Discussion in 'Journalism topics only' started by checkswinger, Feb 18, 2015.

  1. EddieM

    EddieM Member

  2. Baron Scicluna

    Baron Scicluna Well-Known Member

    Odd? No.

    1. By terming it an "internship", even though they're looking for someone already out of college, they can eliminate anyone experienced because they don't fit,a role of an "intern". Also allows them to age discriminate.

    2. It's Cincinnati. Washburn is the queen of corporate bullshit.
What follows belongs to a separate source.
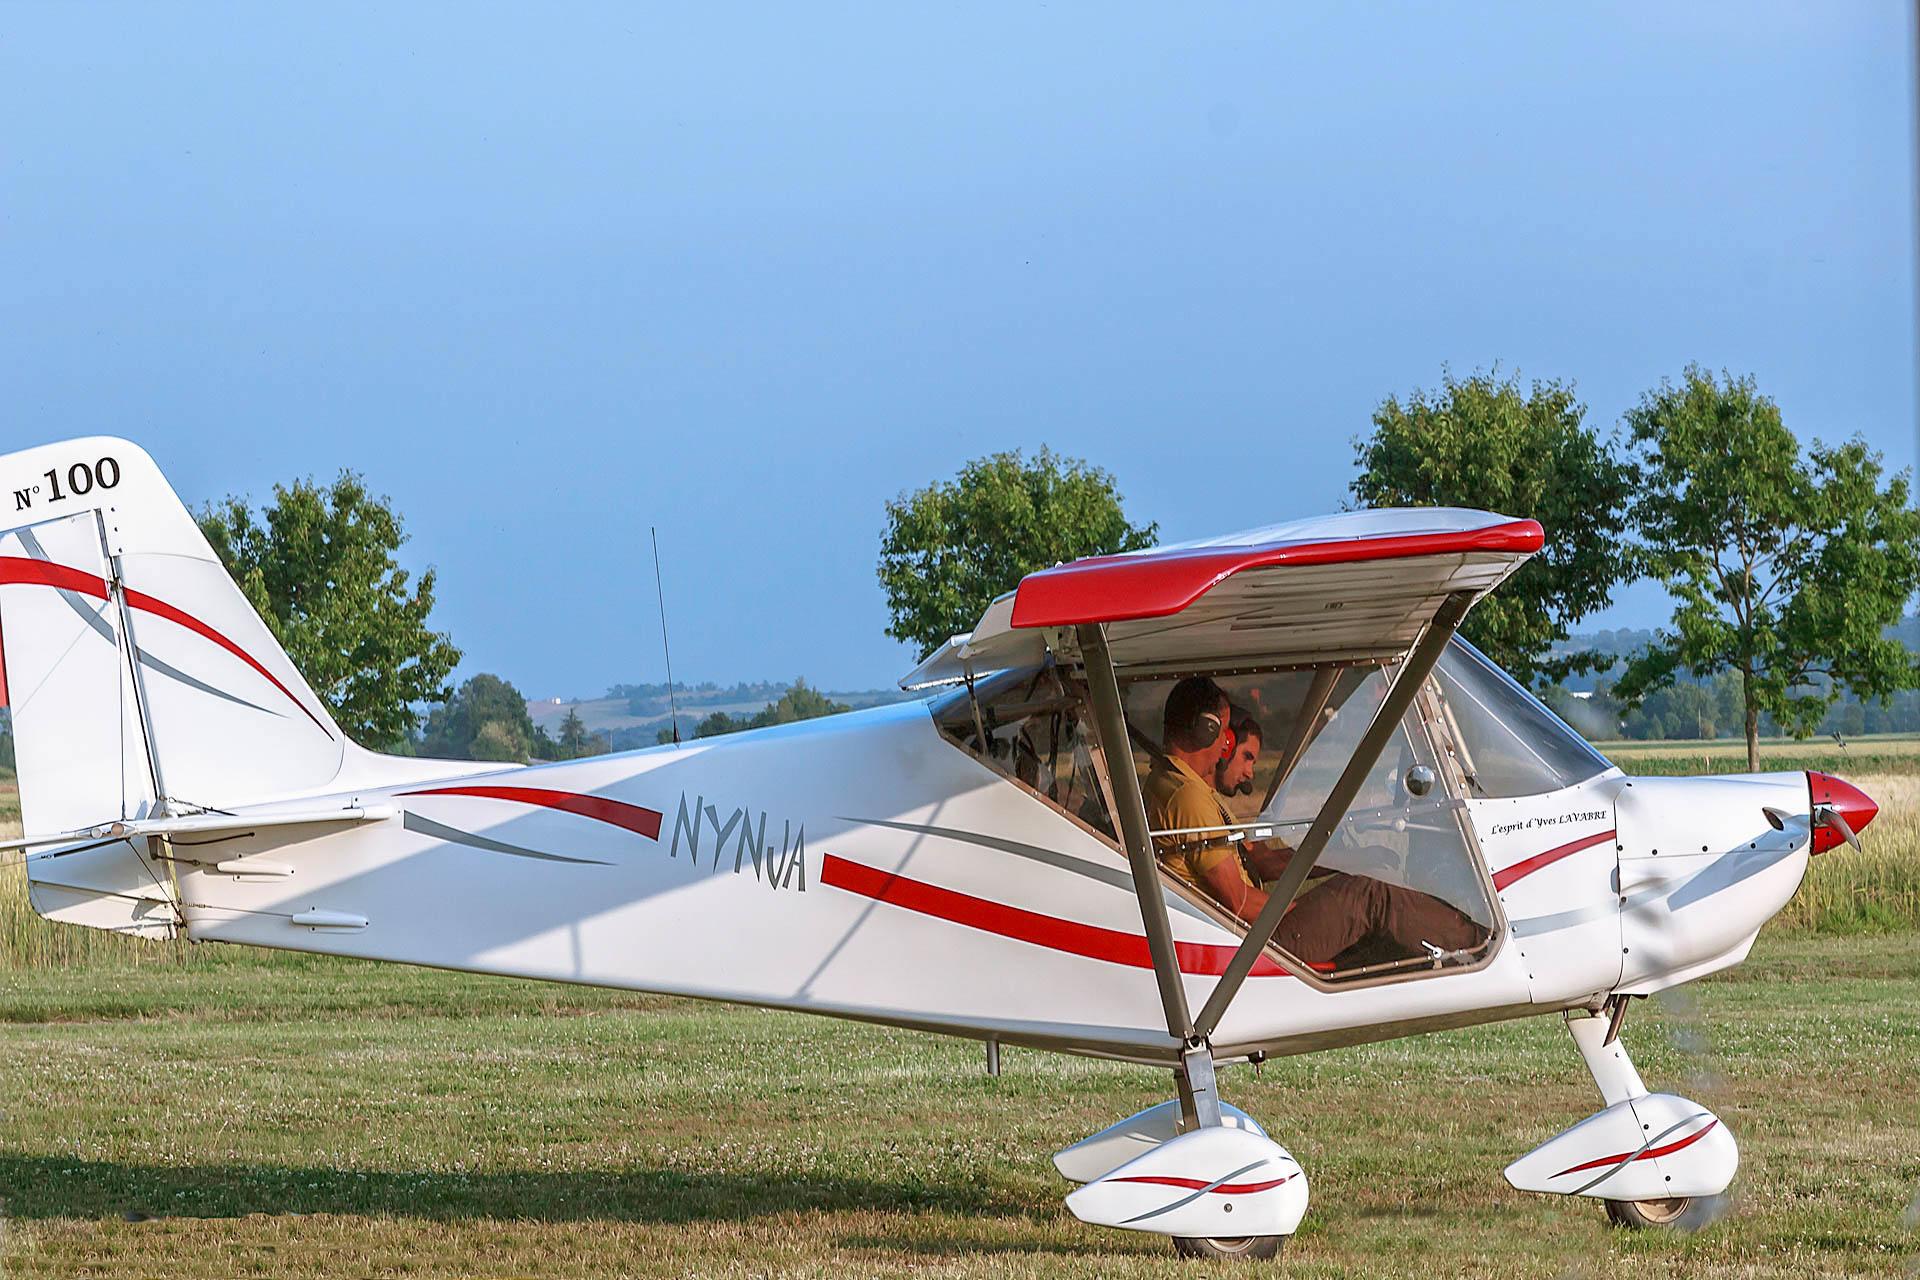 Aeronautique Ulm Nynja – Agnes Briand Photographe

    3. It's Gannett. It's another buzzword. A perfect fit.
     
  3. steveu

    steveu Well-Known Member

    FYI, Seattle Times has also done this with two-year reporting "residencies".
     
  4. EddieM

    EddieM Member

    Yes. And Houston Chronicle has a similar program. The difference (from my perspective, anyway) is that Gannett's description doesn't seem to pretend that these are positions from which they hope young reporters learn and advance. It just seems like a cheap way to get year-in, year-out young guns to fill out the roster.
     
  5. wheels89

    wheels89 Active Member

    I think San Diego UT and the Star Tribune in Minneapolis have done this too.
     
  6. Matt Stephens

    Matt Stephens Well-Known Member

    I don't find the concept odd, but we could debate the phrasing. I believe Seattle has a couple of three-year residencies open right now and I know a few people who have applied. I suppose you could consider the Steelers beat opening posted on the Jobs forum as a similar deal, though it does say there's a chance it becomes more permanent like it did in Syracuse.
     
  7. DeskMonkey1

    DeskMonkey1 Active Member

    I imagine the "internships" or "residencies" or whatever semantic you want to use basically rules out anyone with families (unless they simply don't mind uprooting their kids every year or two)
     
  8. PaperDoll

    PaperDoll Well-Known Member

    Given the instability of employment, particularly in journalism, that's no different from any regular, full-time job. In fact, if there's an actual one-year contract involved, the internship could have better job security than a regular, full-time job.

    I don't know about now, but the Seattle residency used to pay a semi-decent wage and offer benefits. Gannett also used to offer benefits to part-timers; the ad doesn't specify how that works for the full-time intern.
     
  9. dirtybird

    dirtybird Well-Known Member

    If the local hiring person was brassy enough, they could hold onto who they wanted. Some no doubt weren't with the program and felt like keeping the long-tenured folks. Had a friend who was surprised some of the intransigent older folks kept at his shop.